▸ Task statement:
Please give back only the lines below from the one containing "Strapless maxi dress" to the one containing "spoon-and-fork-brand-design-illustration-gold-sticker", each repeated word for word, both ends included.

▸ Materials provided:
*****
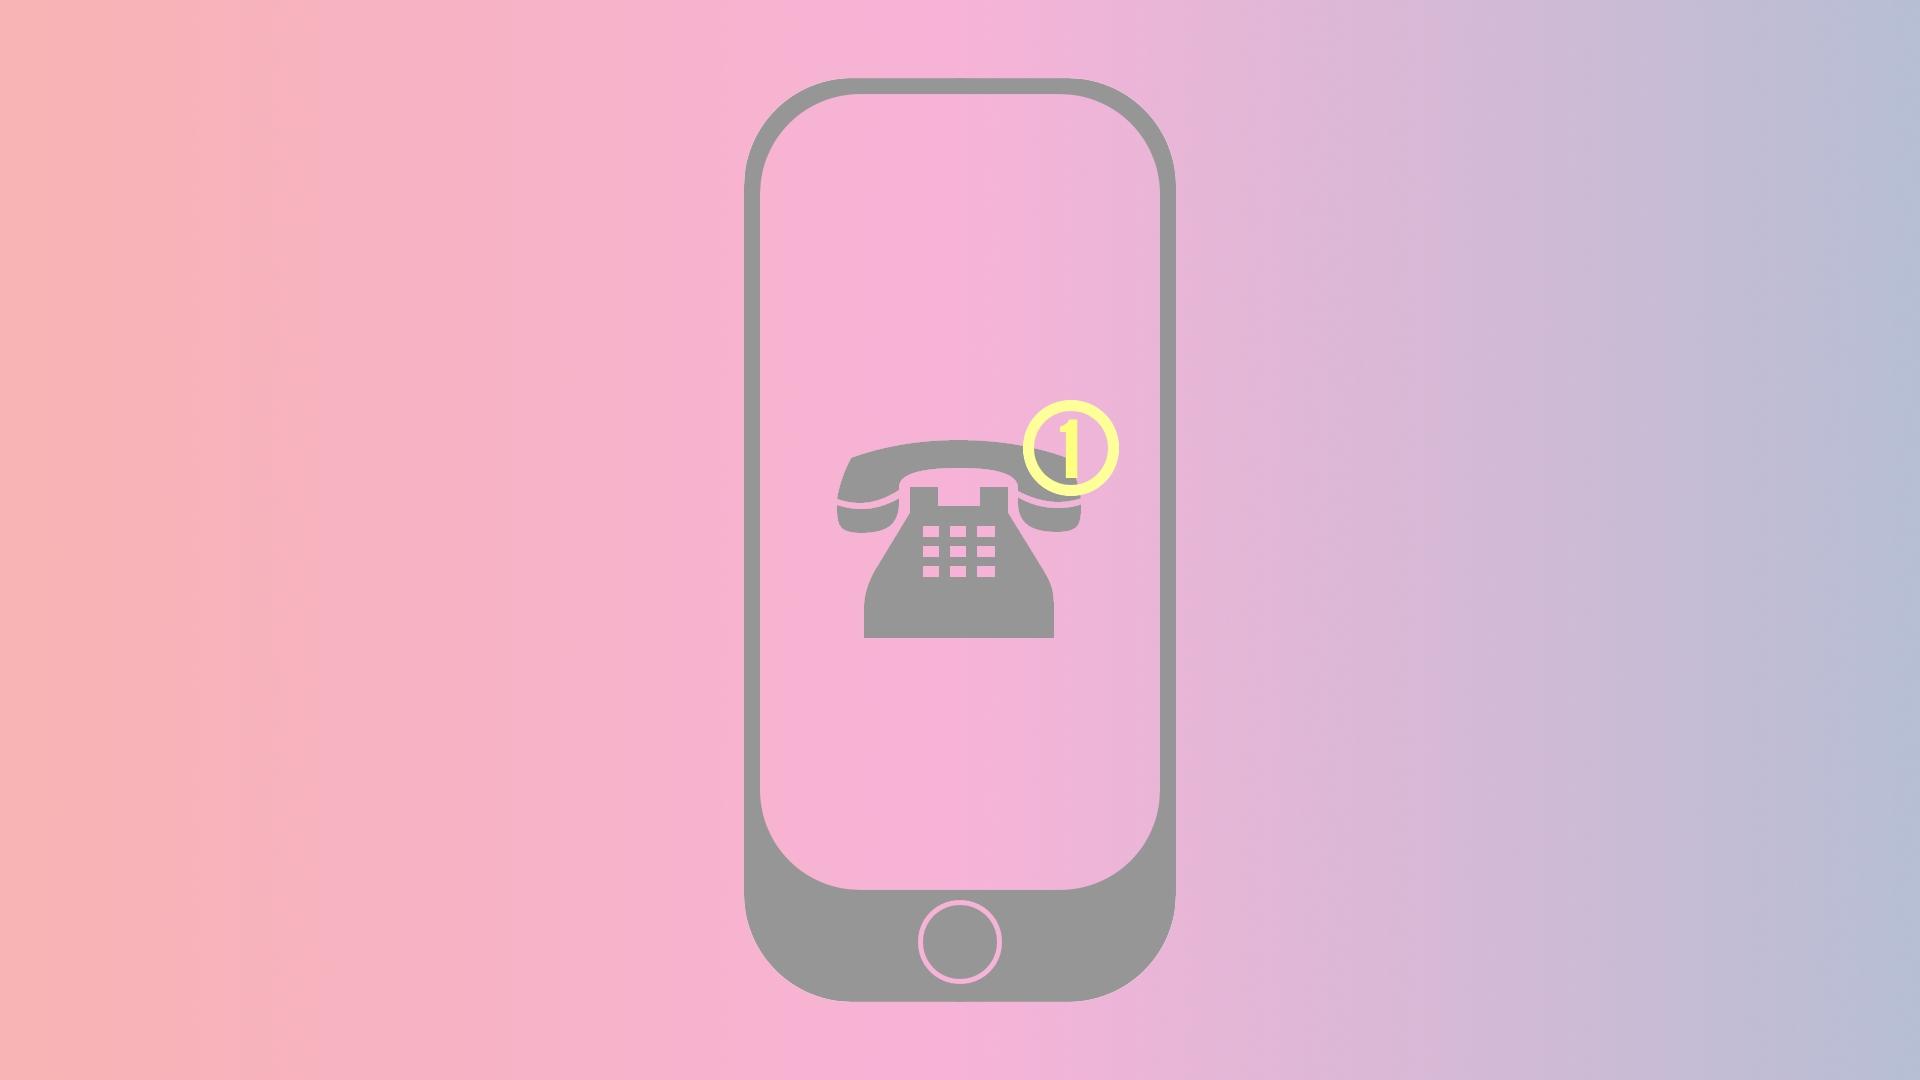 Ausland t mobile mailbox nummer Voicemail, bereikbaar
*****
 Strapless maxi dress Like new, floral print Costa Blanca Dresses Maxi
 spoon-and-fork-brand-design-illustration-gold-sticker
*****
▸ Output for this task:
 Strapless maxi dress Like new, floral print Costa Blanca Dresses Maxi
 spoon-and-fork-brand-design-illustration-gold-sticker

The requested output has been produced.